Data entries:
---
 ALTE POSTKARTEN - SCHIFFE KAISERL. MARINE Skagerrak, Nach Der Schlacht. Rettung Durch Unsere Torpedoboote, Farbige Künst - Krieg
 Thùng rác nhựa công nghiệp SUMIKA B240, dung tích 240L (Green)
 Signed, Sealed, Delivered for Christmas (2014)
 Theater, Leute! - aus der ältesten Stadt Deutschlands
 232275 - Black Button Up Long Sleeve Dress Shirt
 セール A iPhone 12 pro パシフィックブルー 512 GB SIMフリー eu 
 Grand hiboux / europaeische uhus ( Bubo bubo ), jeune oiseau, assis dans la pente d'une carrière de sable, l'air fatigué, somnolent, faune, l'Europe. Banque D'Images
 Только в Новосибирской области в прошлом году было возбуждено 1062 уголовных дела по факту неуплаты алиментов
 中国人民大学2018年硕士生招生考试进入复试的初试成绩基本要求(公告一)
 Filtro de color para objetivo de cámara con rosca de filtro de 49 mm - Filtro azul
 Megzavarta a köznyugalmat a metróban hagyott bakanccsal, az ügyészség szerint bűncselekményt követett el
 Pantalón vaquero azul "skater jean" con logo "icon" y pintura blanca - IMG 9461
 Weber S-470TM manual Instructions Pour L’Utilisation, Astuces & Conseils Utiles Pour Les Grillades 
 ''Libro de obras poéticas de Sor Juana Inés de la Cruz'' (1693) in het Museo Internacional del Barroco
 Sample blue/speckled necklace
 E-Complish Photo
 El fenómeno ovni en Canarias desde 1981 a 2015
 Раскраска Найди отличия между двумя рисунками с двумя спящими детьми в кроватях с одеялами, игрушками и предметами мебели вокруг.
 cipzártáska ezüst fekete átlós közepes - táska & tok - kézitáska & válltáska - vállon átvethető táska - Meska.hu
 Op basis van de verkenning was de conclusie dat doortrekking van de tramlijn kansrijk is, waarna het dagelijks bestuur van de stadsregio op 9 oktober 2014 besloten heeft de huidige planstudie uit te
---
Up to and including the line that contains "cipzártáska ezüst fekete", restate word for word every line of the entries, starting from the first.

TASK SOLUTION:
 ALTE POSTKARTEN - SCHIFFE KAISERL. MARINE Skagerrak, Nach Der Schlacht. Rettung Durch Unsere Torpedoboote, Farbige Künst - Krieg
 Thùng rác nhựa công nghiệp SUMIKA B240, dung tích 240L (Green)
 Signed, Sealed, Delivered for Christmas (2014)
 Theater, Leute! - aus der ältesten Stadt Deutschlands
 232275 - Black Button Up Long Sleeve Dress Shirt
 セール A iPhone 12 pro パシフィックブルー 512 GB SIMフリー eu 
 Grand hiboux / europaeische uhus ( Bubo bubo ), jeune oiseau, assis dans la pente d'une carrière de sable, l'air fatigué, somnolent, faune, l'Europe. Banque D'Images
 Только в Новосибирской области в прошлом году было возбуждено 1062 уголовных дела по факту неуплаты алиментов
 中国人民大学2018年硕士生招生考试进入复试的初试成绩基本要求(公告一)
 Filtro de color para objetivo de cámara con rosca de filtro de 49 mm - Filtro azul
 Megzavarta a köznyugalmat a metróban hagyott bakanccsal, az ügyészség szerint bűncselekményt követett el
 Pantalón vaquero azul "skater jean" con logo "icon" y pintura blanca - IMG 9461
 Weber S-470TM manual Instructions Pour L’Utilisation, Astuces & Conseils Utiles Pour Les Grillades 
 ''Libro de obras poéticas de Sor Juana Inés de la Cruz'' (1693) in het Museo Internacional del Barroco
 Sample blue/speckled necklace
 E-Complish Photo
 El fenómeno ovni en Canarias desde 1981 a 2015
 Раскраска Найди отличия между двумя рисунками с двумя спящими детьми в кроватях с одеялами, игрушками и предметами мебели вокруг.
 cipzártáska ezüst fekete átlós közepes - táska & tok - kézitáska & válltáska - vállon átvethető táska - Meska.hu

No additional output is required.